Data →
————

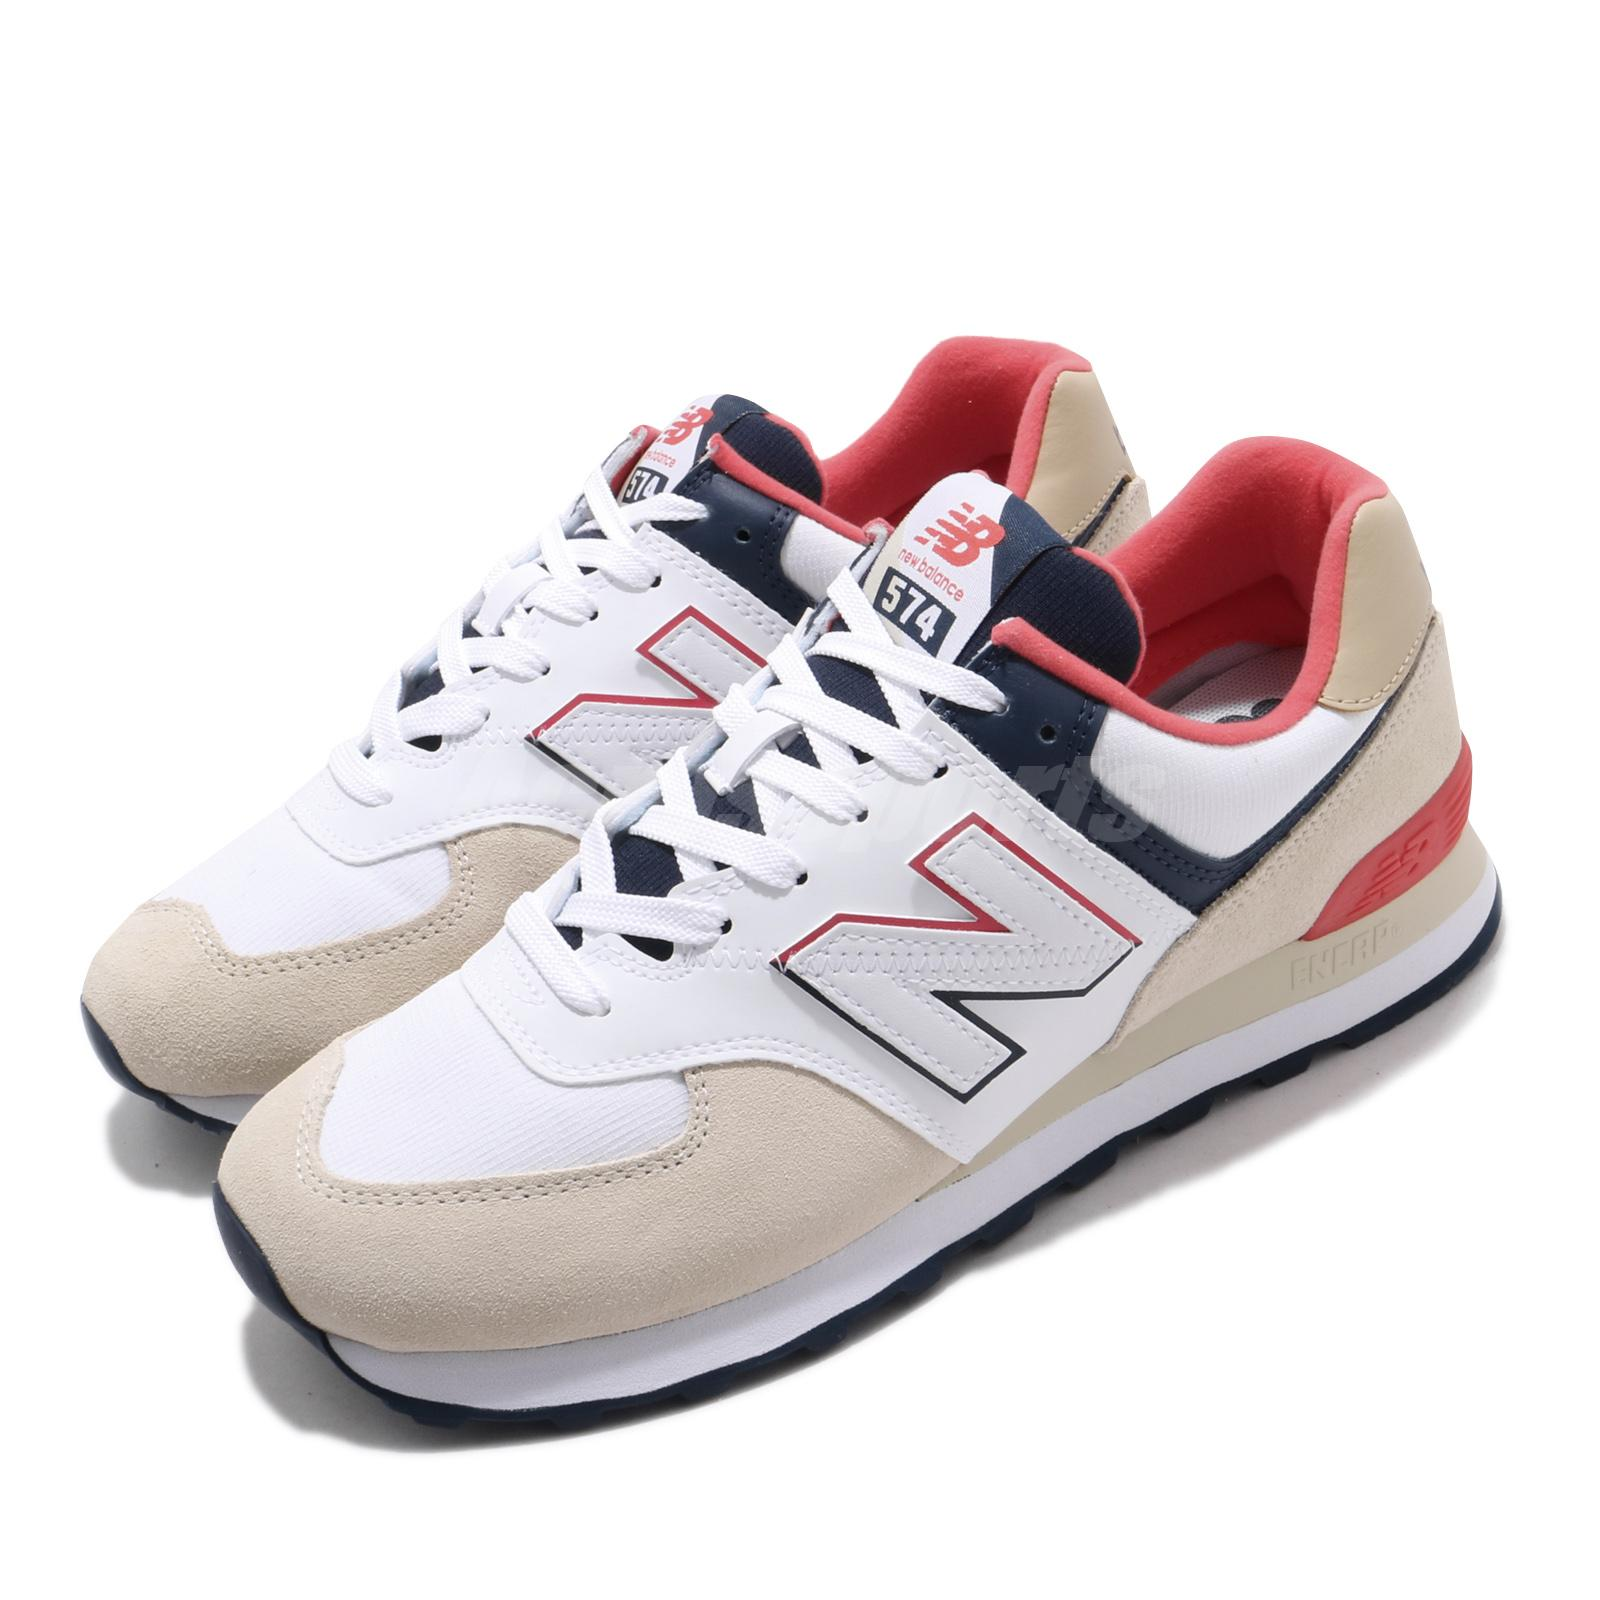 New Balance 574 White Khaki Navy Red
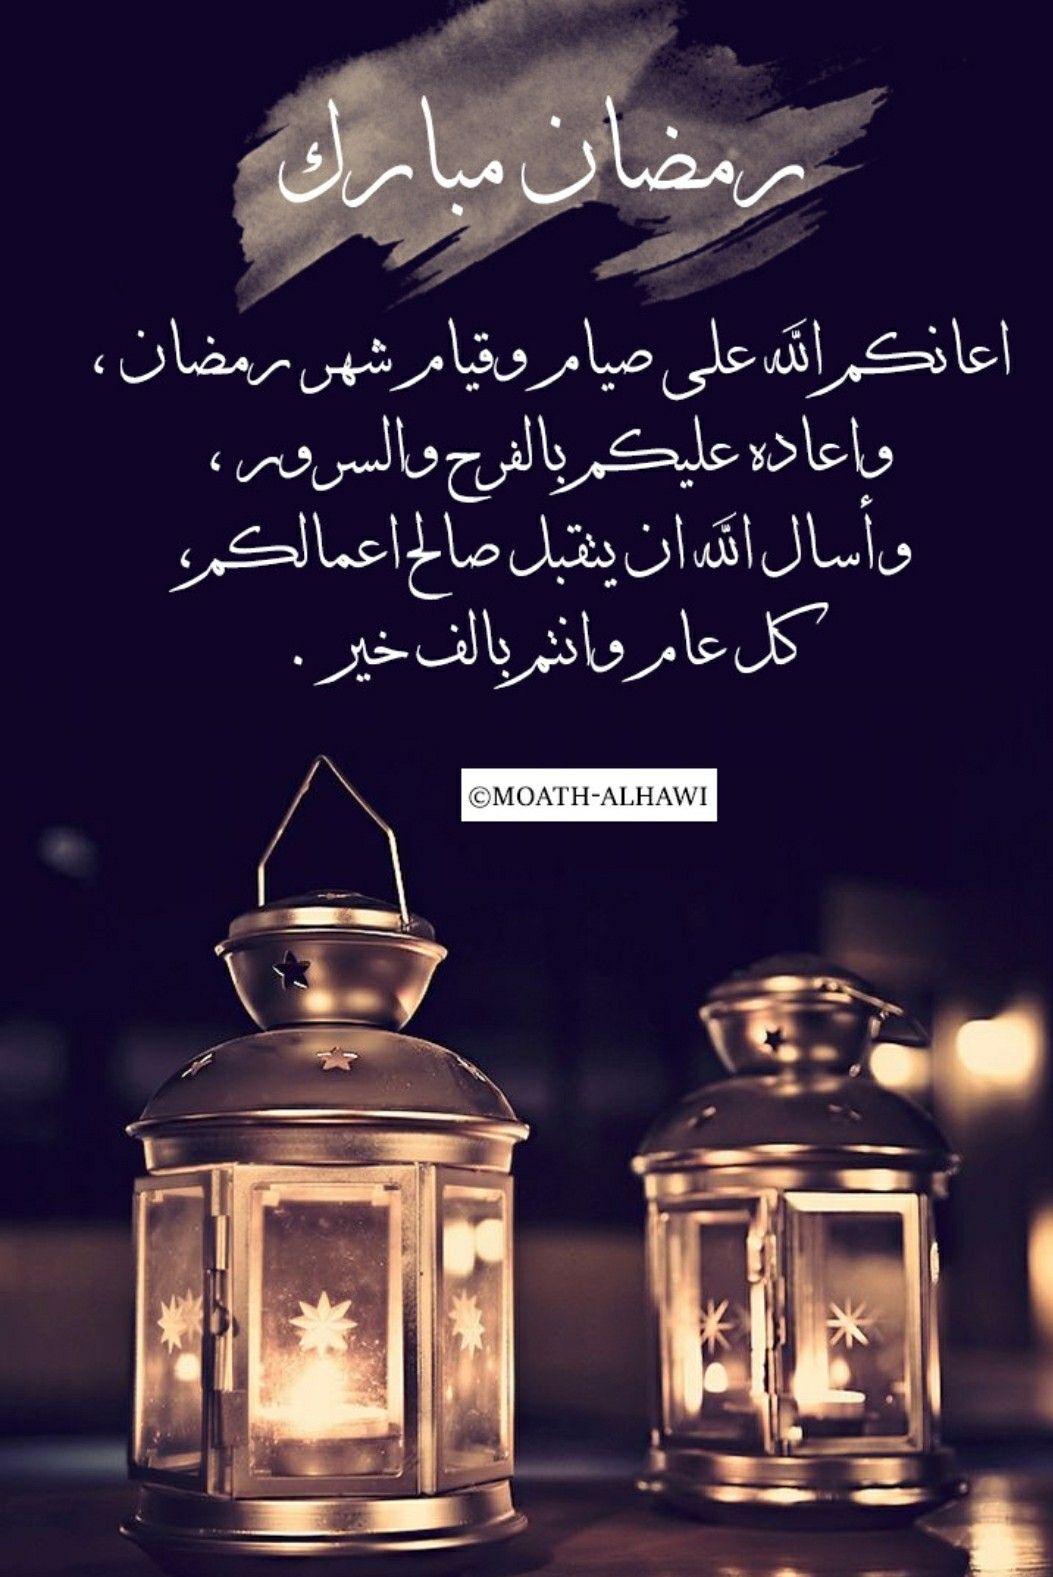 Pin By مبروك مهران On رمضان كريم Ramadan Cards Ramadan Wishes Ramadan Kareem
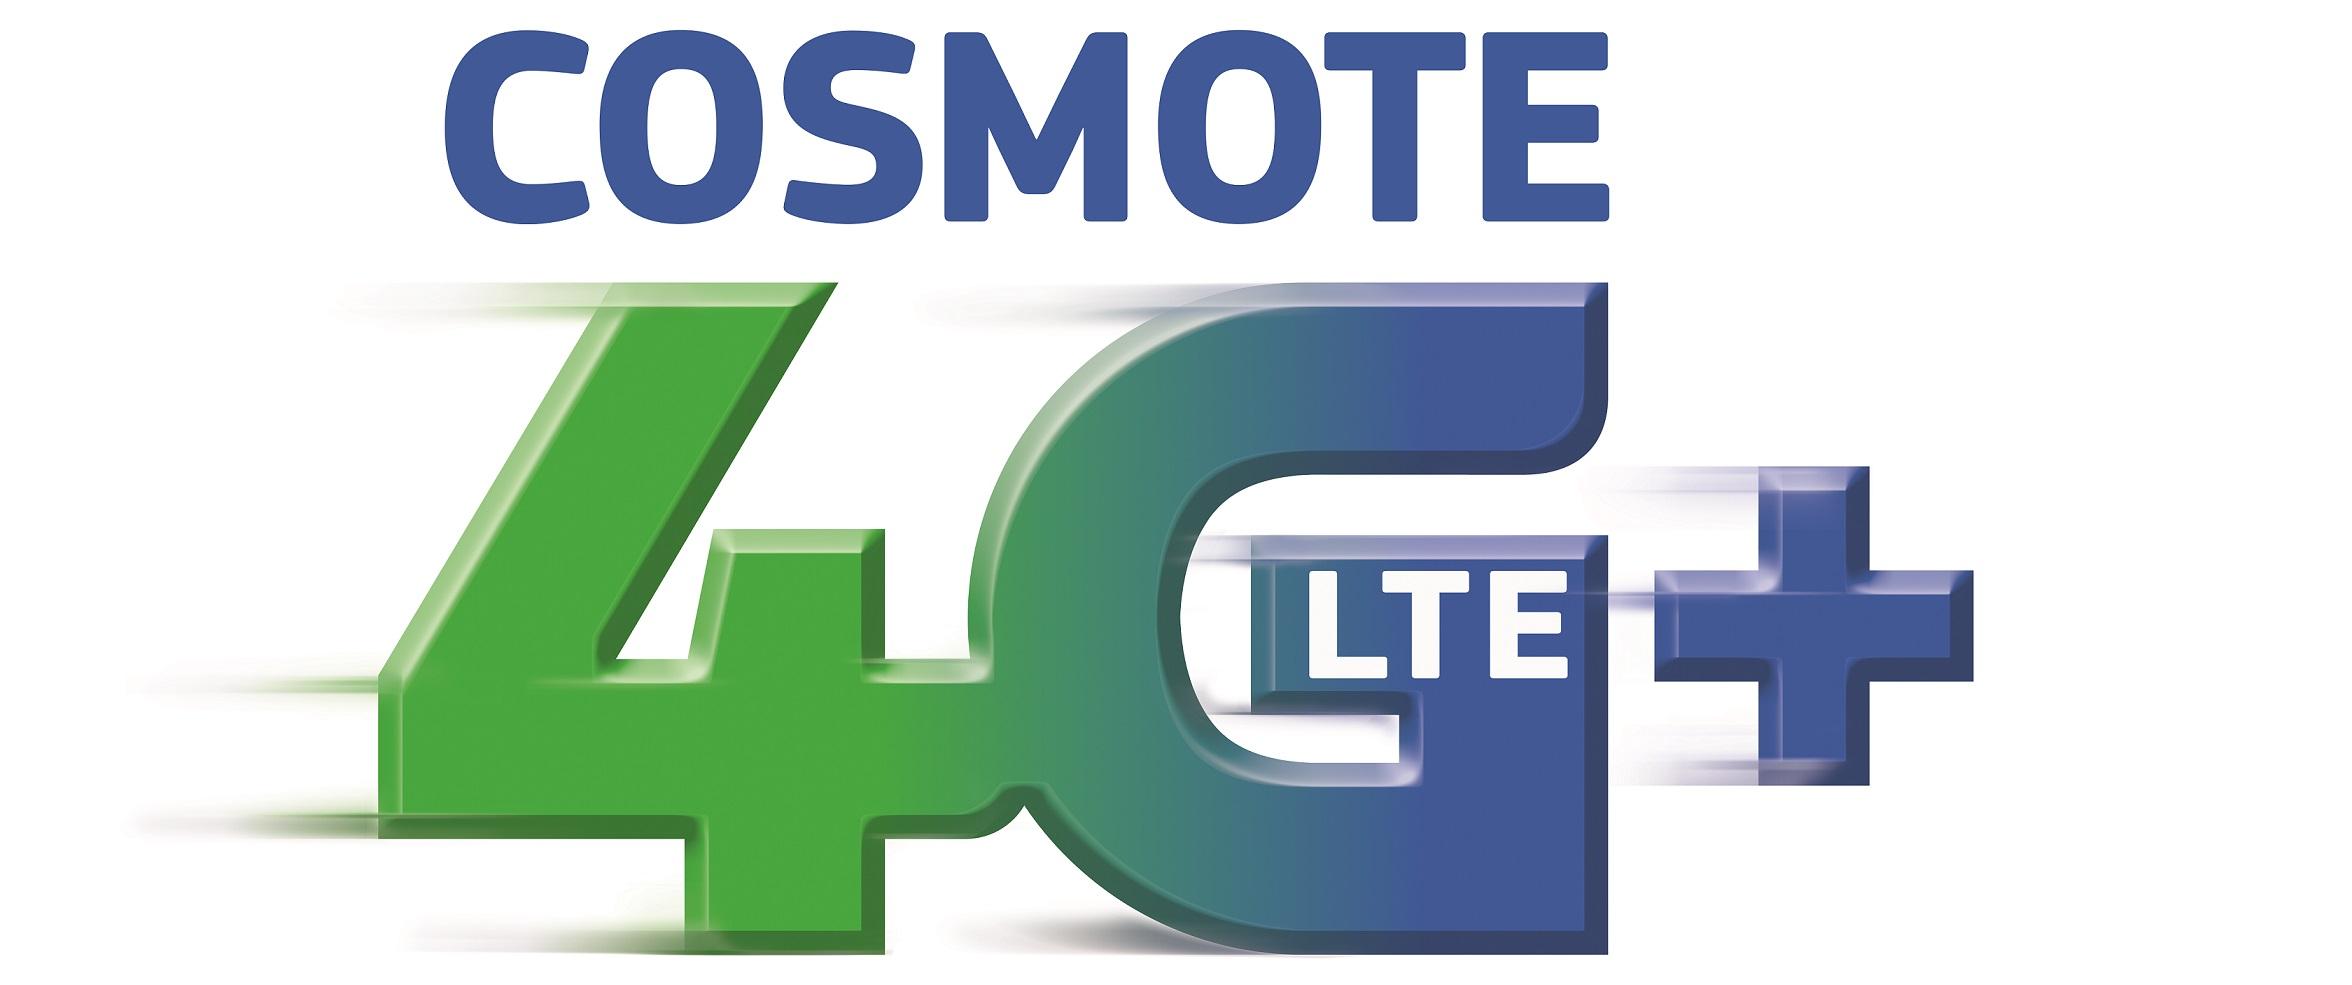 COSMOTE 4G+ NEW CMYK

————

Work to complete → Write out the material above again, word for word, minus its pictures.

Exercise output →
 New Balance 574 White Khaki Navy Red
 Pin By مبروك مهران On رمضان كريم Ramadan Cards Ramadan Wishes Ramadan Kareem
 COSMOTE 4G+ NEW CMYK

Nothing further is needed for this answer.